UK University and College Union presides over 10 percent pay cut at Sheffield’s private college

After months of the union’s obfuscation, the last-minute suspension of strikes and repeatedly downgrading workers’ expectations and wage demands, members of the University and College Union (UCU) at the University of Sheffield International College (USIC) voted to accept the latest derisory offer made by Study Group.

Around 80 educators at USIC became the very first to stage a strike at a private higher education provider in the UK last November with three days of stoppages.

Educators on the picket line outside the University of Sheffield International College, Solly Street, November 30, 2022

On an 85 percent turnout of UCU members, 68 percent voted to accept the employer’s offer with 32 percent rejecting. The deal struck with the connivance of the UCU means the workforce will receive, for the 2022/23 academic year:

●      3 percent payable from September 1, 2022

●      2 percent for staff earning less than £44,000 p/a, payable from January 1, 2023

●      1 percent for all staff payable from January 1, 2023

For the 2023/24 Academic Year:

●      4 percent for all staff, payable from September 1, 2023.
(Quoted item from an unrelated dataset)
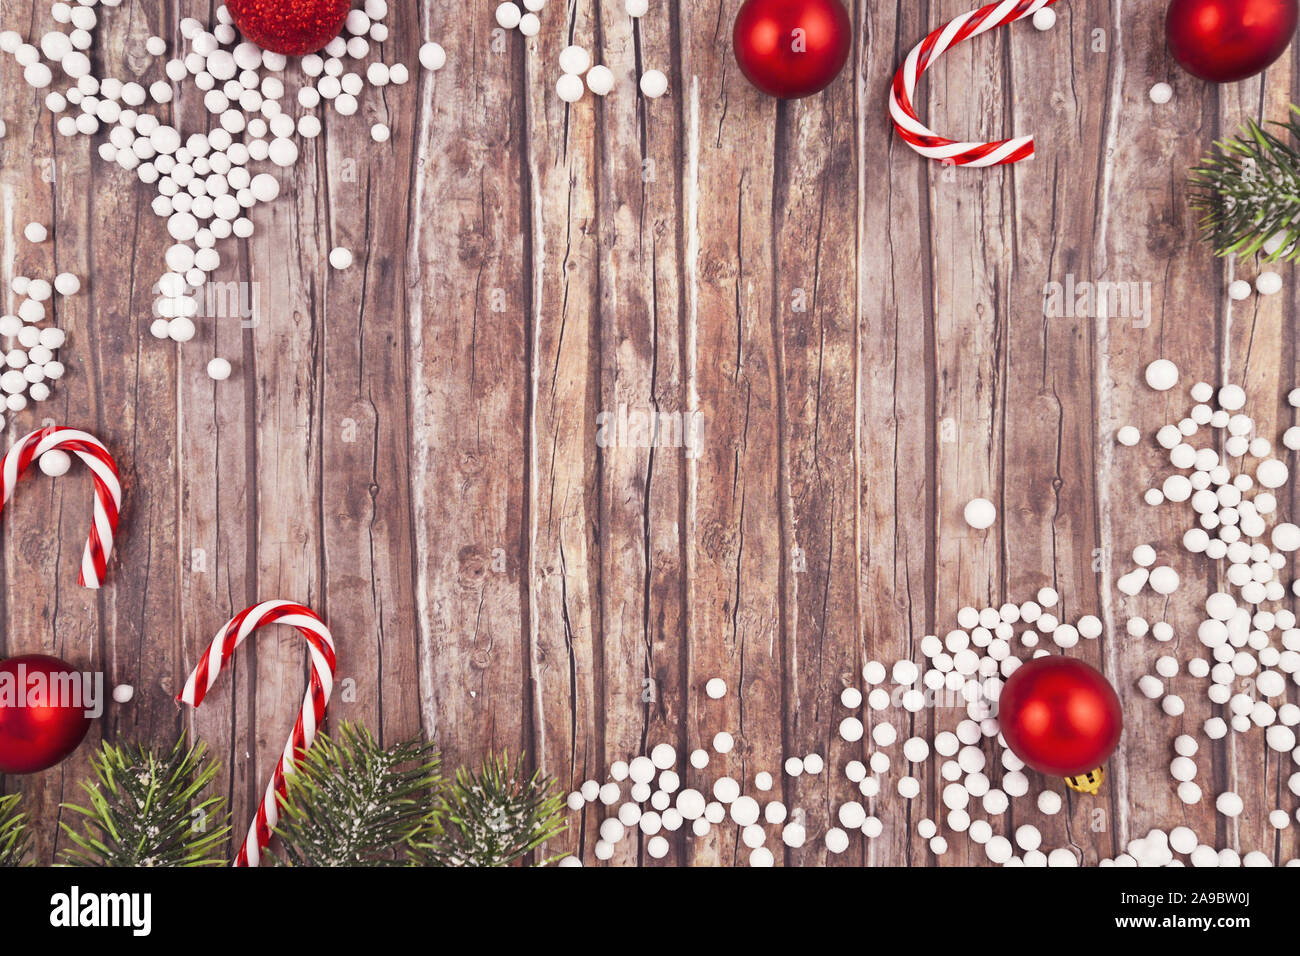 Saisonale Weihnachten flach mit traditionellen Red tree ornament Flitter, weißer Schnee Kugeln, Zuckerstangen und Tannenzweigen auf leere Holz- Kopie Raum zurück Stockfoto

The pay settlement over two years means just 10 percent for staff earning less than £44,000 per year and 8 percent for staff earning more than £44,000.

The vote to accept comes after the union suspended five days of strike action due to begin February 13 to ballot on the revised pay offer.

USIC UCU’s Twitter account stated shamefacedly February 21, “Branch negotiators have not made binary recommendation on this offer. We acknowledge this is still a real terms pay cut, but that employer has moved significantly as a result of strikes. We have stressed more strike action will be required to win further improvement.”

UCU’s emphasis from the start has been on preventing a broader struggle emerging in the private education sector and merging with that of educators at other UK universities, further education colleges and schools.

Study Group has the measure of the UCU’s conciliatory tactics and has shifted very little over the course of the dispute—a couple of percentage points. The deal designed and suggested to management by the union represents nothing short of a disastrous ten percent pay cut over the next 24 months. Rather than pressuring management for concessions to the workers, the UCU has pressured the workforce to grant concessions to the corporation. It was the UCU’s idea to press for a two-year deal that was eventually adopted by Study Group.

USIC educators rejected a 5 percent offer from Study Group in October and returned an 84 percent majority for strike action. Yet come the new year and two brief strikes, and the union returns to the workforce with another de facto pay cut.

The sellout by the UCU at the USIC came at the same time as the union at the national level suspended the remaining seven days of national strike action scheduled for February over pay, working conditions and pensions. The national strike involved 70,000 lecturers and other university workers at all 150 higher education (HE) institutions in Britain.

The UCU’s original 13.7 percent pay demand for HE members nationally has long since been surrendered. USIC UCU members initially called for a 12 percent pay rise, which was immediately downgraded by union representatives to a more “reasonable” nine percent, then to eight percent and finally to 10 percent across this year and next.

The UCU’s shutting down strikes is only the latest example of the trade union bureaucracy’s suppression of the class struggle and rank betrayal of their members’ interests after months of strikes that began last summer. This includes the sell-out of 40,000 BT workers in December. UCU leader Jo Grady is a leading figure in the “Enough is Enough” campaign, established to provide a left fig leaf for a union bureaucracy overseeing defeats of the working class.

On the USIC picket lines earlier in the year, full-time lecturers and those on short-term contracts stood together with homemade placards refuting the claim that a cost-of-living increase was unaffordable. These showed graphs of the salaries of senior Study Group managers, with the number on more than £100,000 a year trebling in the past years and director positions advertised for up to £130,000. Study Group management and the UCU union leaders both occupy this income bracket.

Meanwhile the starting rate for a full-time lecturer at USIC is approximately £32,000, well below the national average of £38,131. Office and support staff are recruited at full-time rates barely above the minimum wage.